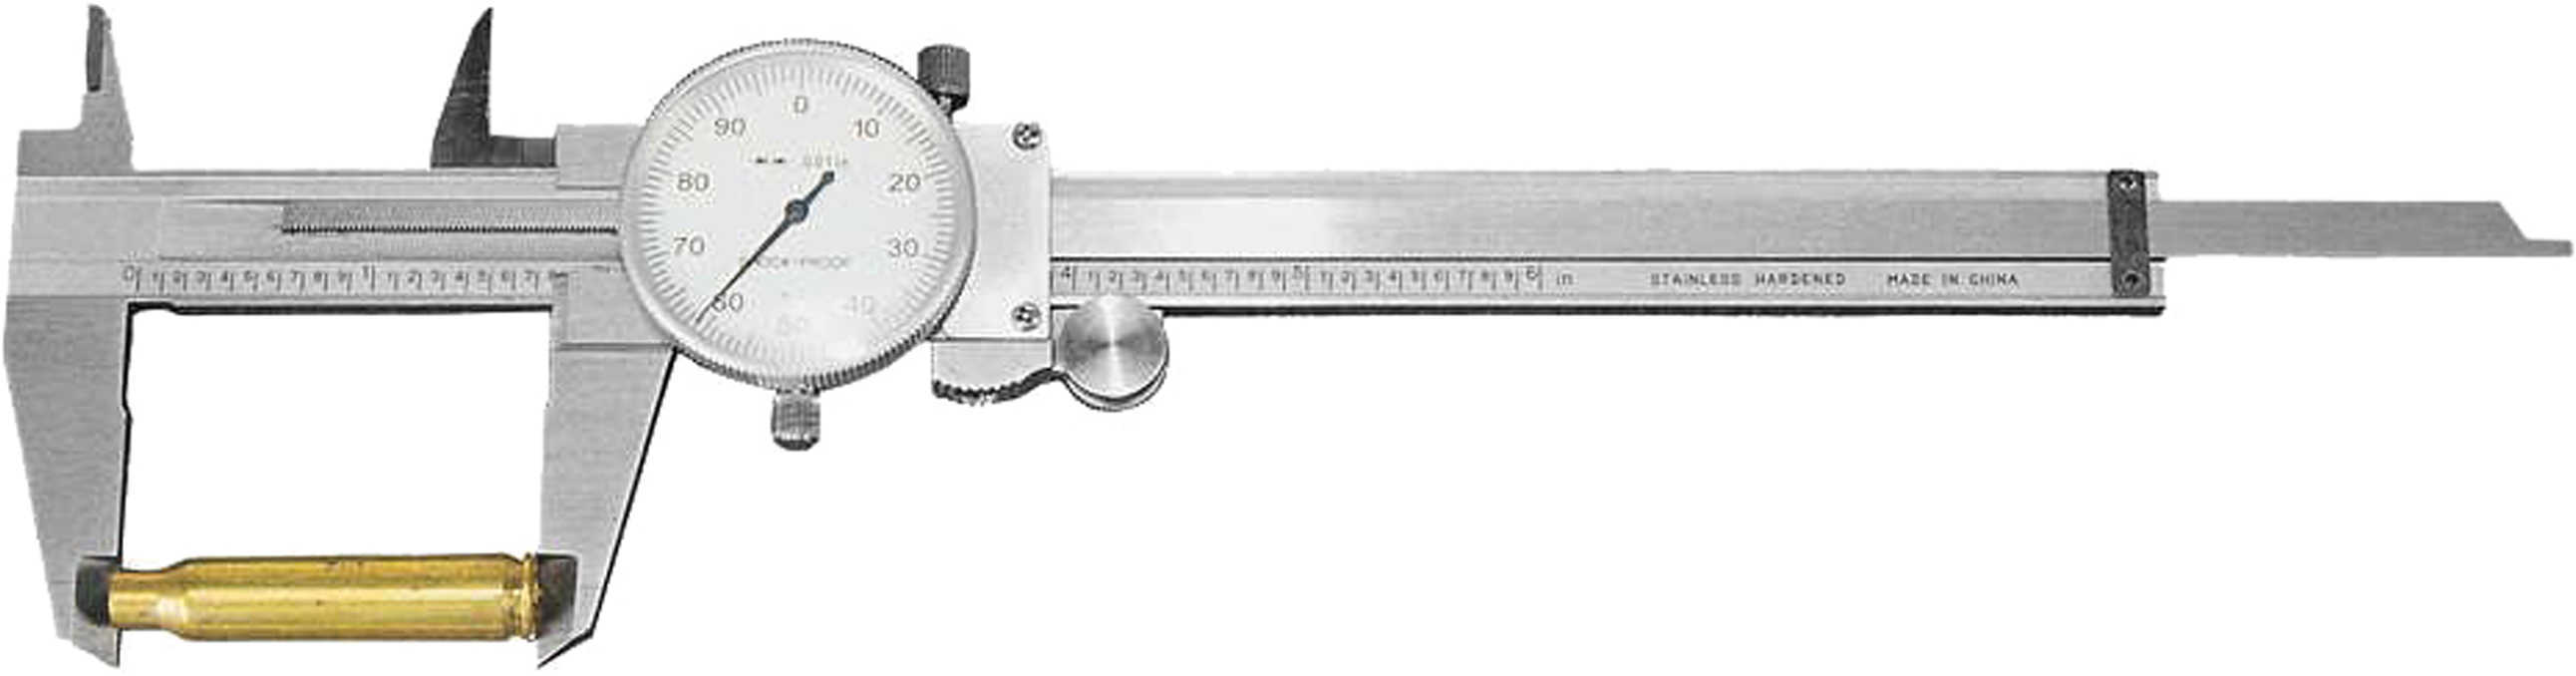 Frankford Arsenal Stainless Steel Dial Caliper Md: 516503
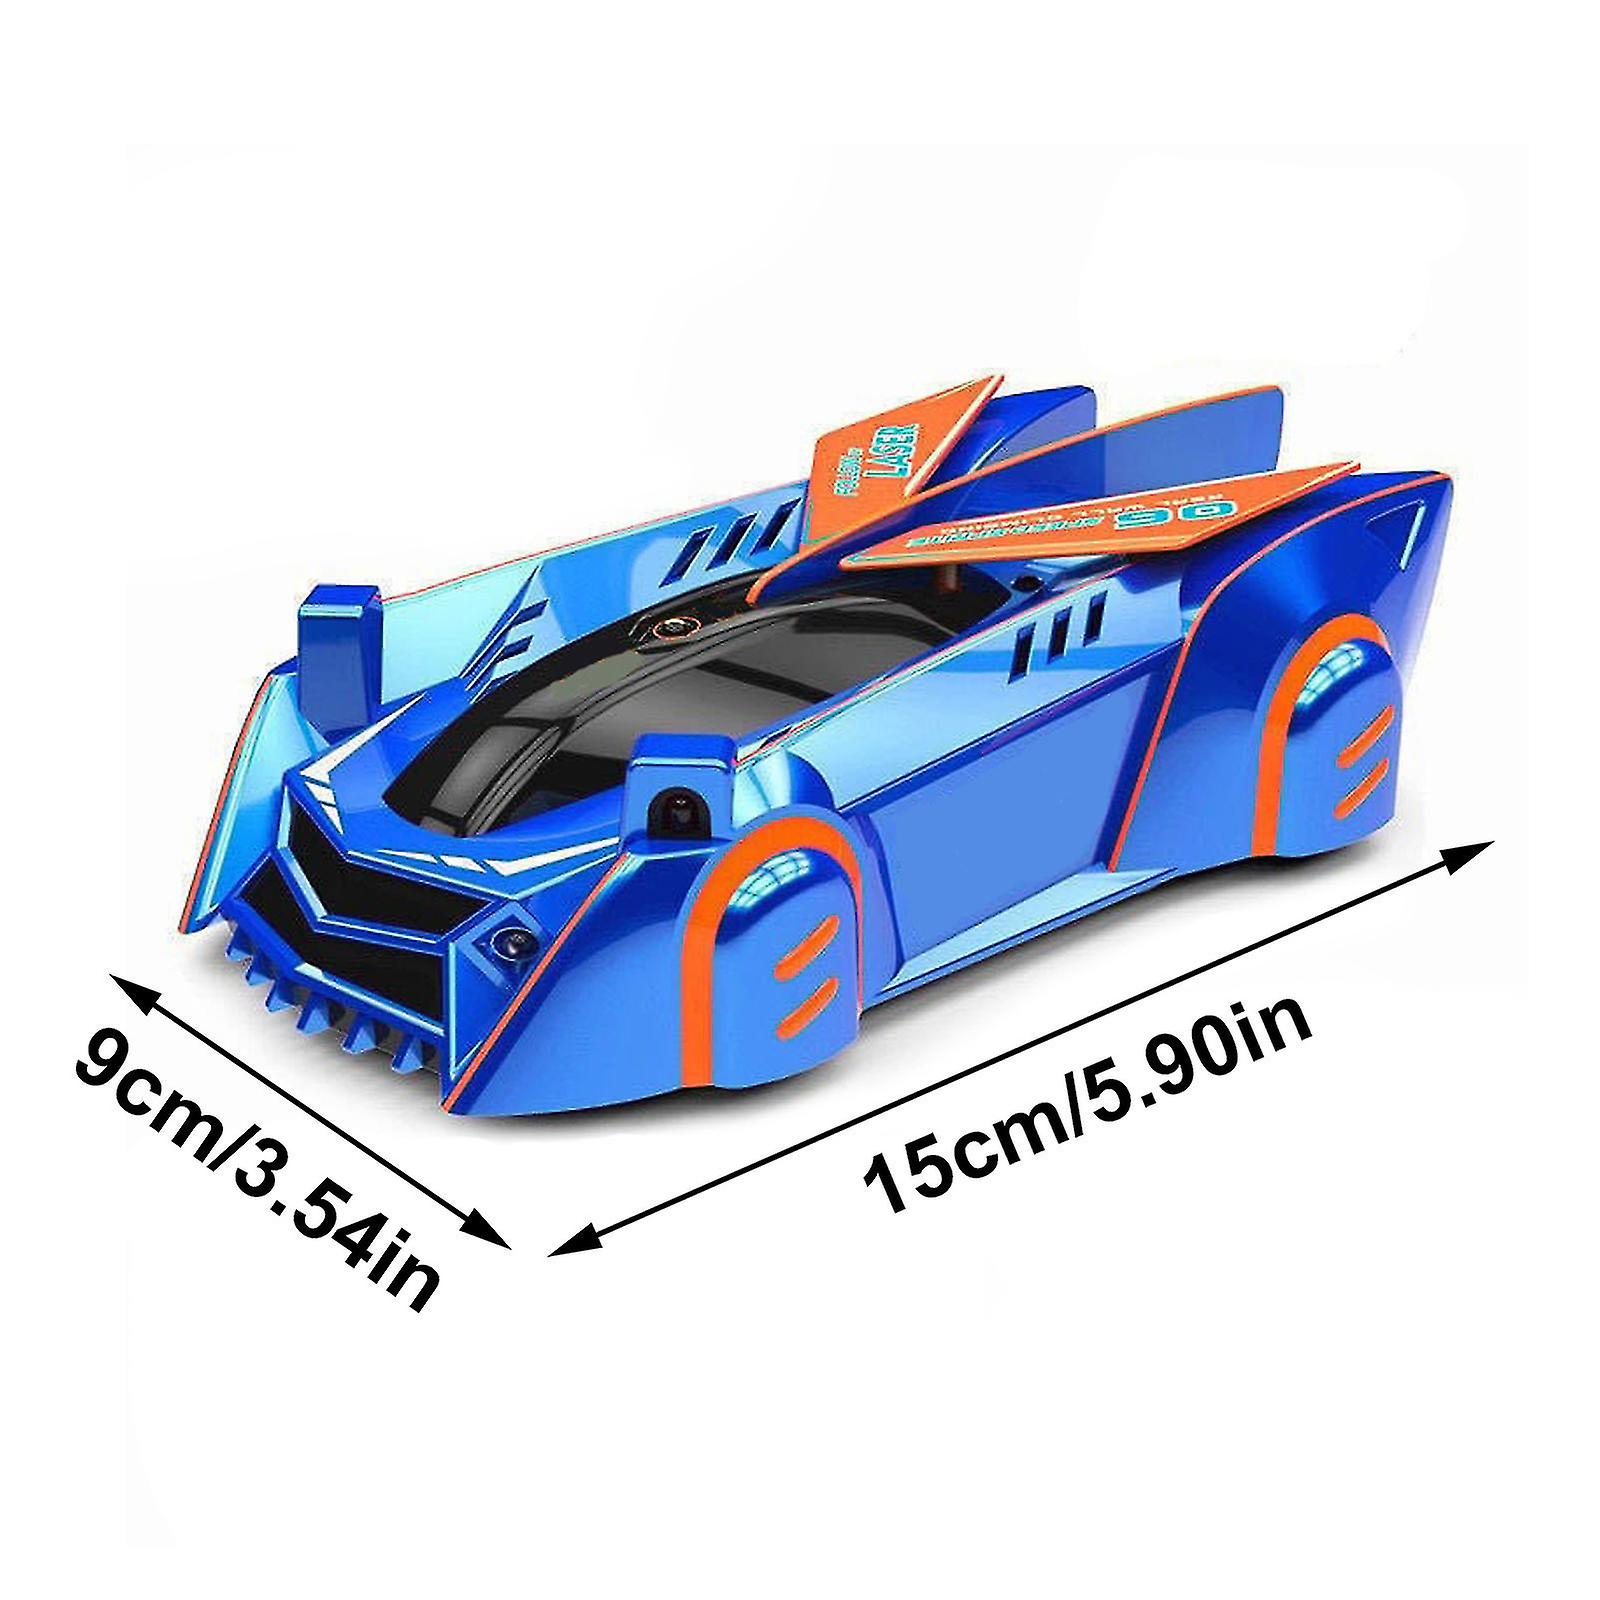 Gravity Laser-guided Wall Climbing Remote Control Cars， 360rotating Stunt Toy Car， Latest Headlights And Taillight
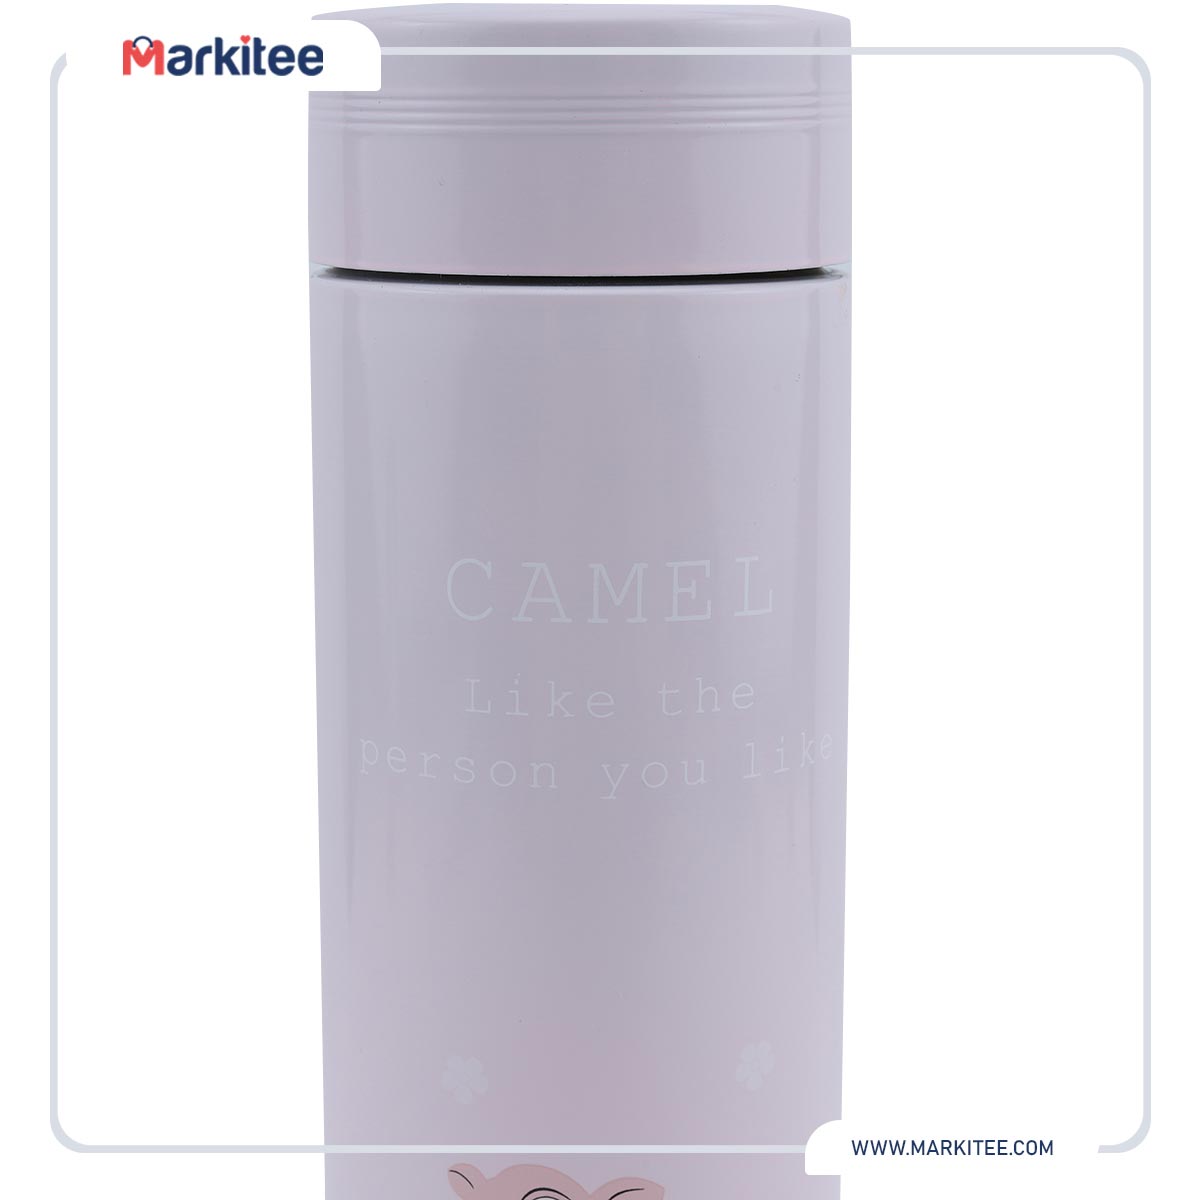 Camel stainless steel ...-hc-R-5043

_Problem statement_
Whenever a picture appears in the listing, leave it out; copy everything else exactly.

_Task solution_
 Frankford Arsenal Stainless Steel Dial Caliper Md: 516503
 Gravity Laser-guided Wall Climbing Remote Control Cars， 360rotating Stunt Toy Car， Latest Headlights And Taillight
 Camel stainless steel ...-hc-R-5043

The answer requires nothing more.